= Input data =

----

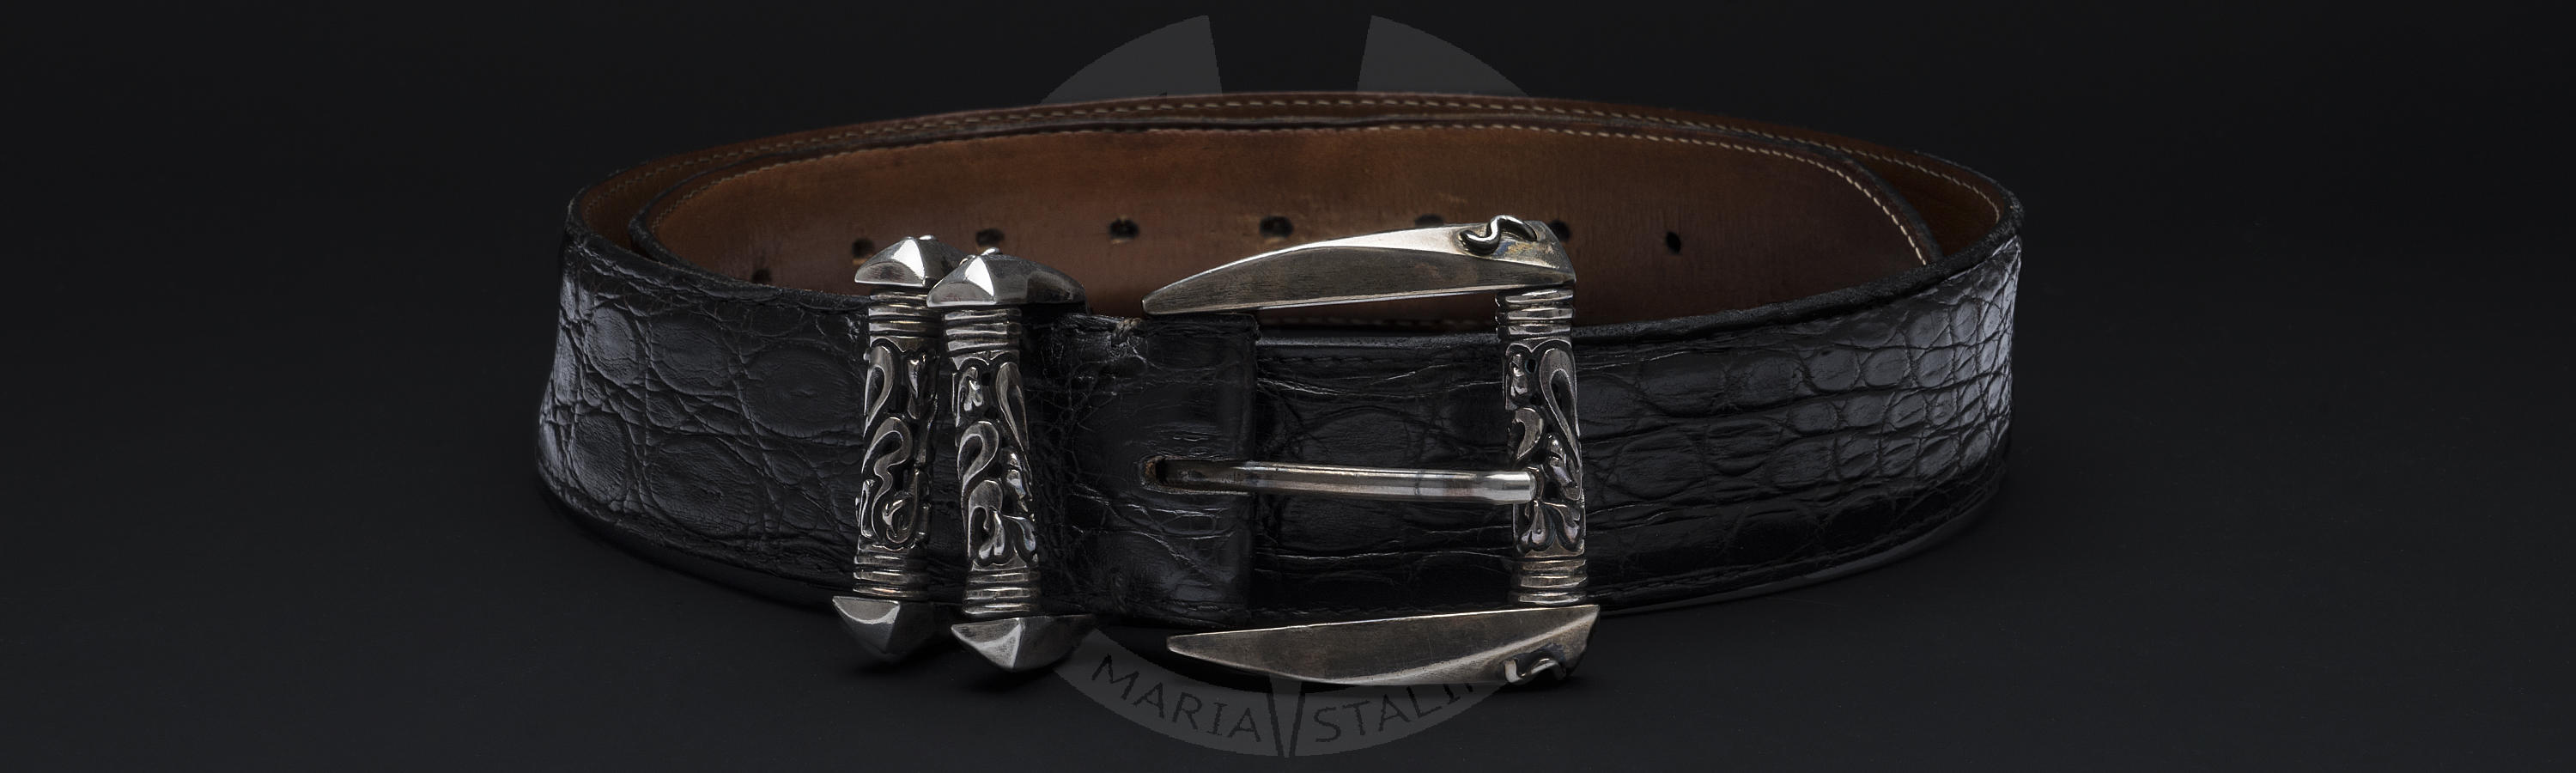 Crocodile leather belt
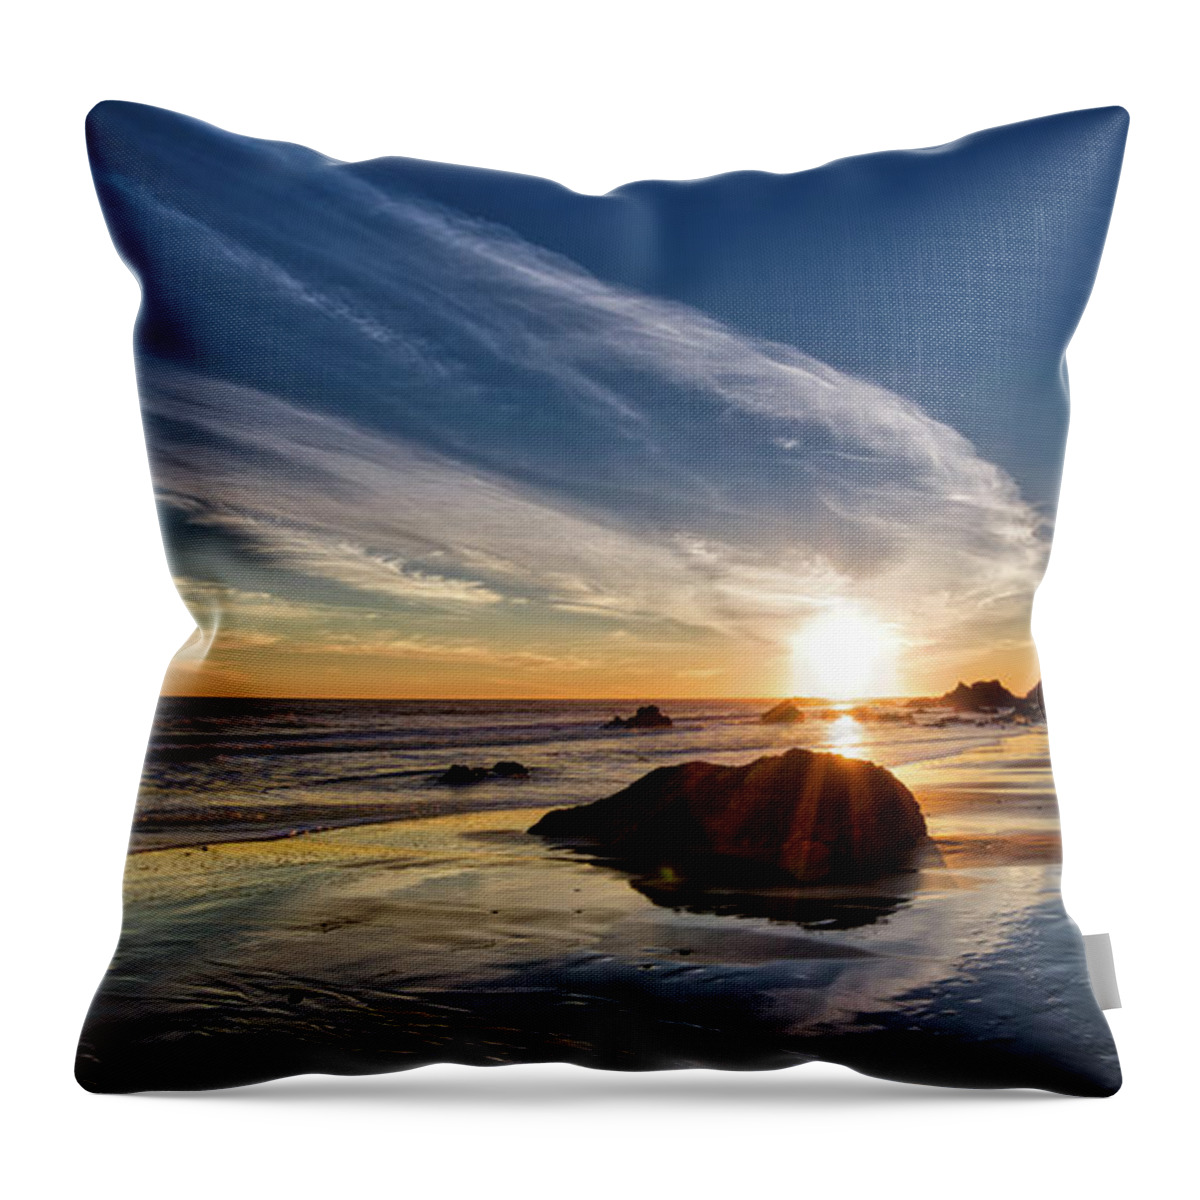 El Matador Beach Throw Pillow featuring the photograph El Matador Beach Sunset by Dean Ginther
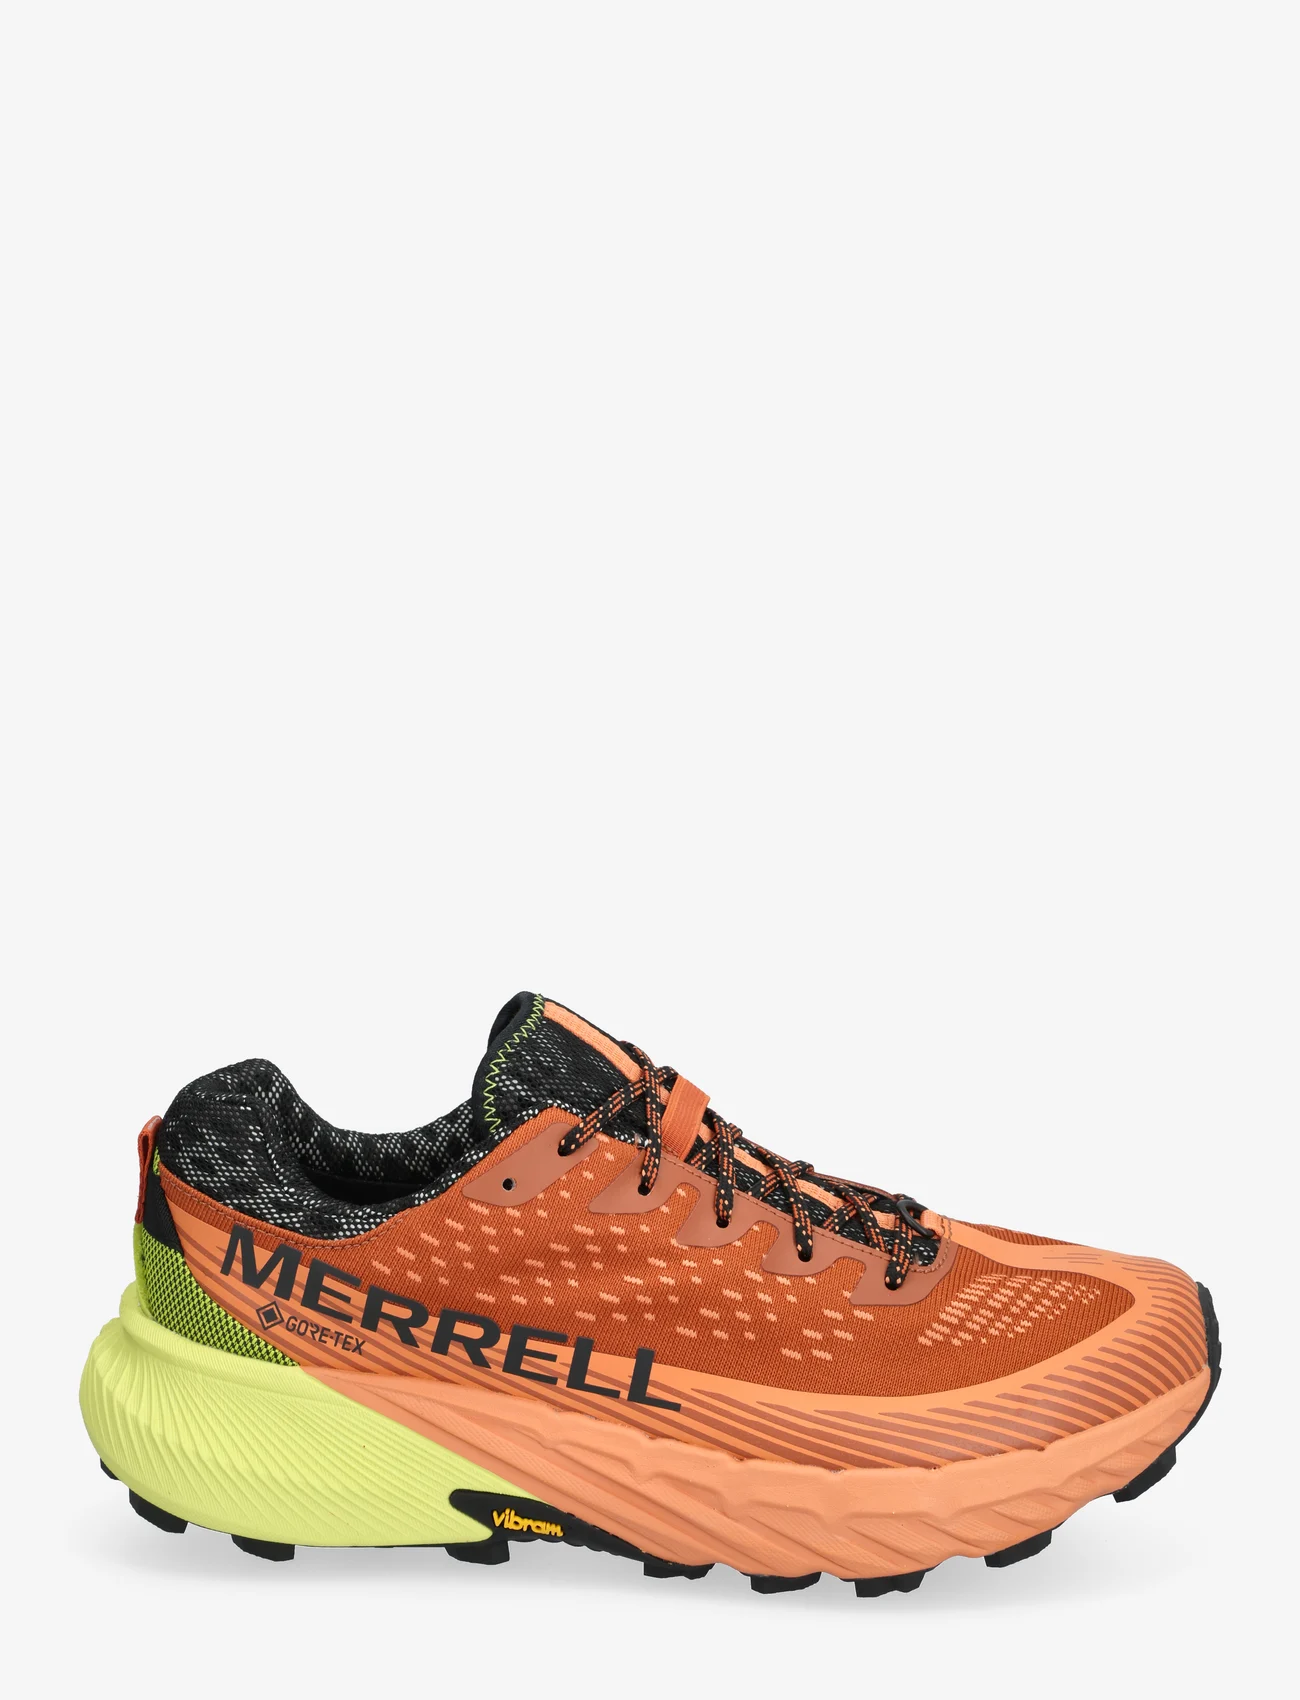 Merrell - Men's Agility Peak 5 GTX - Clay/Mel - löparskor - clay/melon - 1
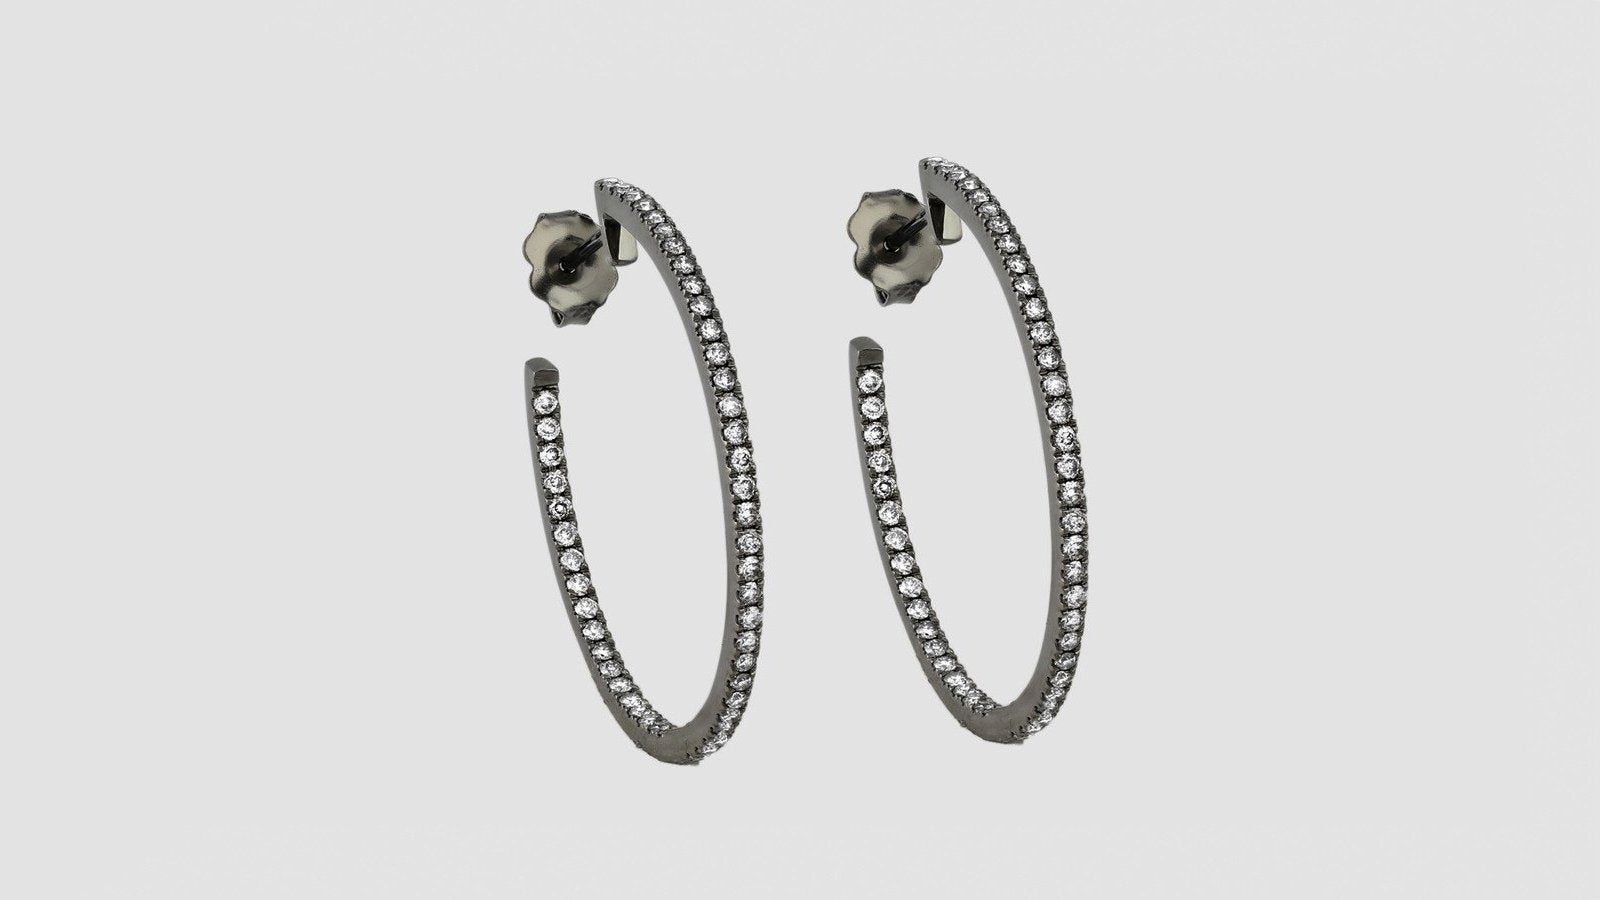 Flower Diamond Stud Earrings with 0.50 Carats

----

= Exercise aim =
Repeat the listing exactly, pictures excluded.

= Solution =
 Crocodile leather belt
 El Matador Beach Throw Pillow featuring the photograph El Matador Beach Sunset by Dean Ginther
 Merrell - Men's Agility Peak 5 GTX - Clay/Mel - löparskor - clay/melon - 1
 Flower Diamond Stud Earrings with 0.50 Carats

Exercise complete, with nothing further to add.